Time slowed as Ishaq fought the fog of consciousness. He felt a slashing of skin. Cutting that continued for an eternity. Mujahid threw him to the floor. Ishaq saw a clump of rust invade the white of his football shirt and looked on as crimson drops collapsed on the floor. His own blood. His own blood oozing out. Blood dripping out from his fat and muscle, cut by another Muslim.
He tried to cover the bleeding with his other hand.
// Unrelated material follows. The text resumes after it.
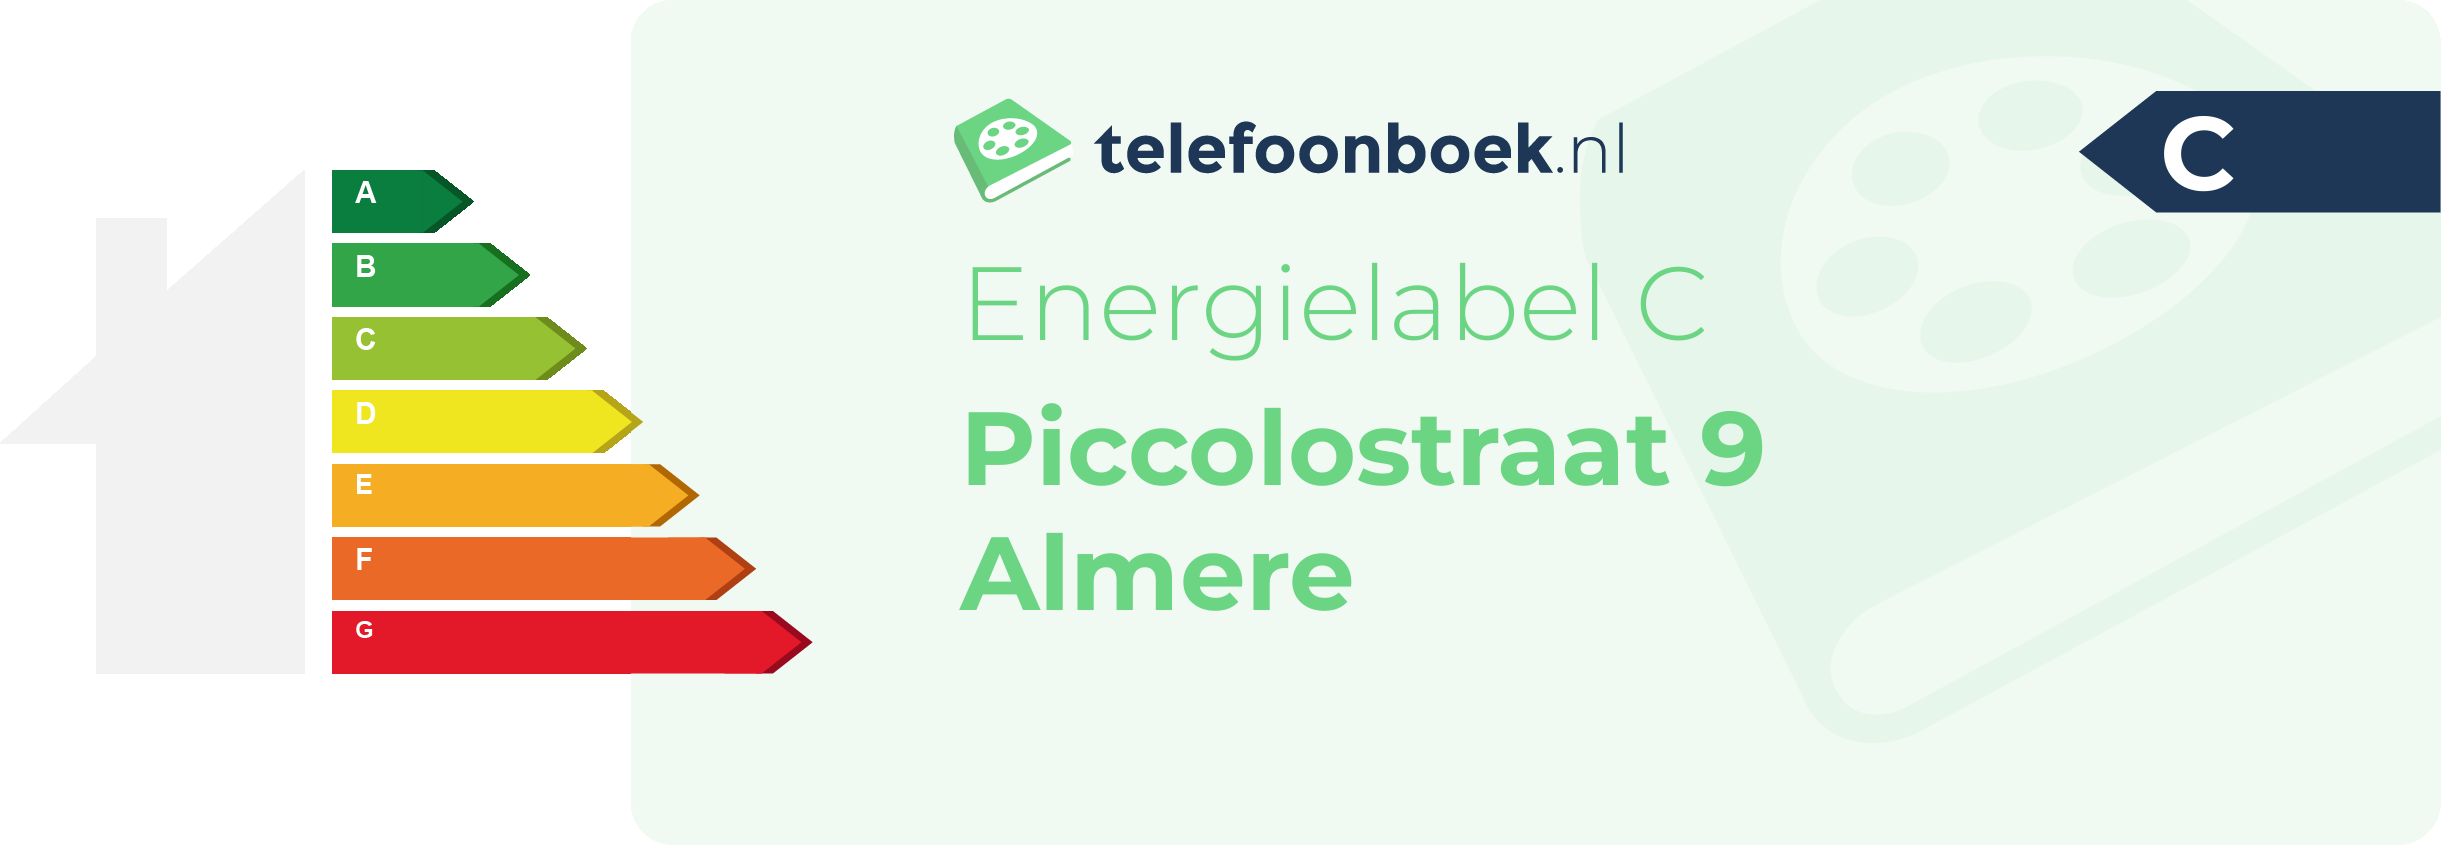 Energielabel Piccolostraat 9 Almere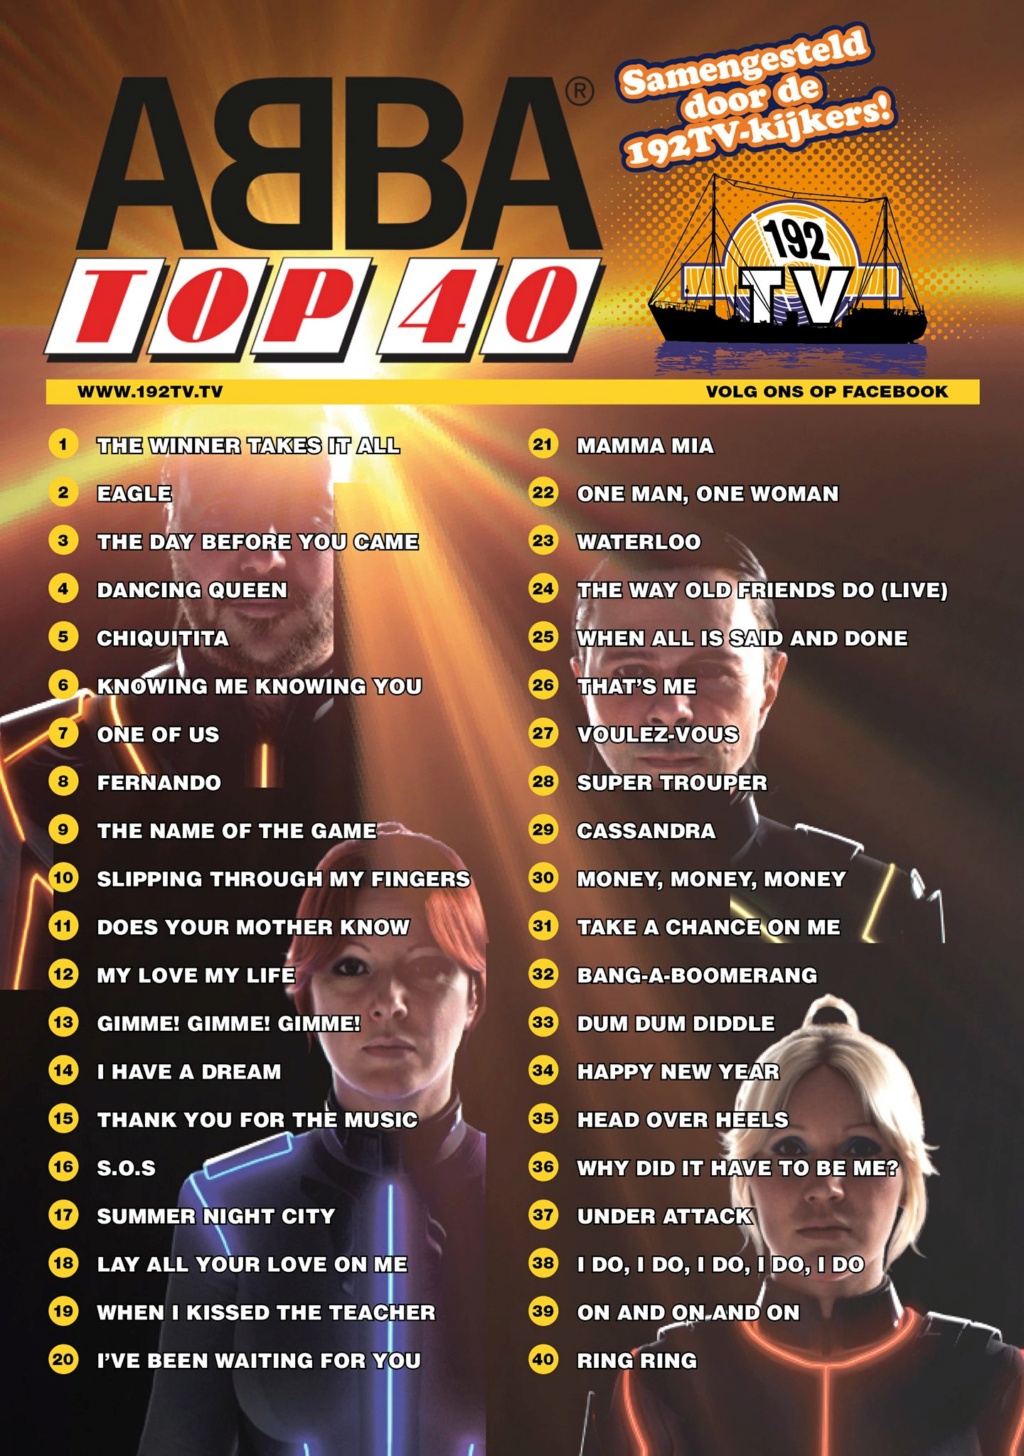 ABBA - TOP 40 (z 192TV HD) 24175910

Marwane struggled to get to Ishaq, but was still held by two men. Breathing rapidly, Ishaq said, ‘Mujahid, this is madness.’
Mujahid pinioned Ishaq with the toe of his boot. ‘This is mercy, considering what you done. One more thing. Tell me about Shams. Would he double deal me? Are you two in it together? Tell me the truth and I’ll let you go? Just a little word.’
Ishaq could not believe the sheer amount of warm ooze that the cold ground leeched. He wondered if he was going to die, in his own squalid puddle. He half-heard his own words, as part of him prepared for this final destination.
‘…Shams is a good lad. He wouldn’t double deal.’
Mujahid moved his foot to Ishaq’s upper arm and Ishaq screamed, this time with a chesty gurgling as he struggled for breath.
‘Say it again, tell me the truth. If you tell me the truth, that he’s been lying, I’ll let you go.’
‘I’m telling you the truth. He’s done nothing.’
Mujahid moved his leg away. ‘Tell Shams, I want that money, and I better not get any more messin’ from any of you guys or it’ll be a different story next time. You’re lucky I used my knife instead of something else…you know what I’m saying?’
Mujahid and his cohort walked-off, disappearing into shadow. Saeed had tried to kneel to take a look at Ishaq but was grabbed at the collar and told to move. Marwane helped Ishaq up so that he could lean back against the posts. Marwane’s hands shook as he took off his football top and tied it above the cut.
Ishaq could hear a scratchy pounding and looked, his mind wandering for its origins until he realised it was his heart. Drowsy, he started to feel a chill as his clothing saturated with sweat. He stayed there, slumped across the post, for a while. At one point Marwane stood, as if he were getting help, but Ishaq used his good arm to cling weakly to a sleeve of Marwane’s t-shirt.
‘I think it’s ok, just get me to the hospital.’
‘Don’t be crazy.’
‘Just get me up and help me in to St Georges. It’s not too far.’
‘It’s way too far to walk, the way you are.’
‘You can borrow your cousin’s car, right?’
Marwane closed his eyes and rubbed his forehead in thought, while Ishaq lay there stealing spasmed breath. Ishaq tried to concentrate on inhaling, but the tugs of splintered air hurt his insides, as if he were choking on pins. Ishaq looked at Marwane, tall like a tower but with no fortification. Ishaq had seen the fear paralyse him. Now it struck him hard, how that tall tower was now collapsing in on itself.
‘Marwane, it’s going to be ok. Just help please. Let’s get going.’
‘But what are you going to say?’
‘I’m not going to say anything.’
‘The man’s crazy. An animal; he overstepped the mark.’
‘And, if I tell the brothers, it’ll start a war. I’m just going to keep quiet for now.’ Ishaq struggled with his answers, as he used his left hand to wipe moisture from his eyes, his breathing now laboured like a man ascending a hill but afraid of reaching its peak and journey’s end.
‘And your parents?’
‘Please, Marwane, no more questions…no more bloody questions. Just help me. Please.’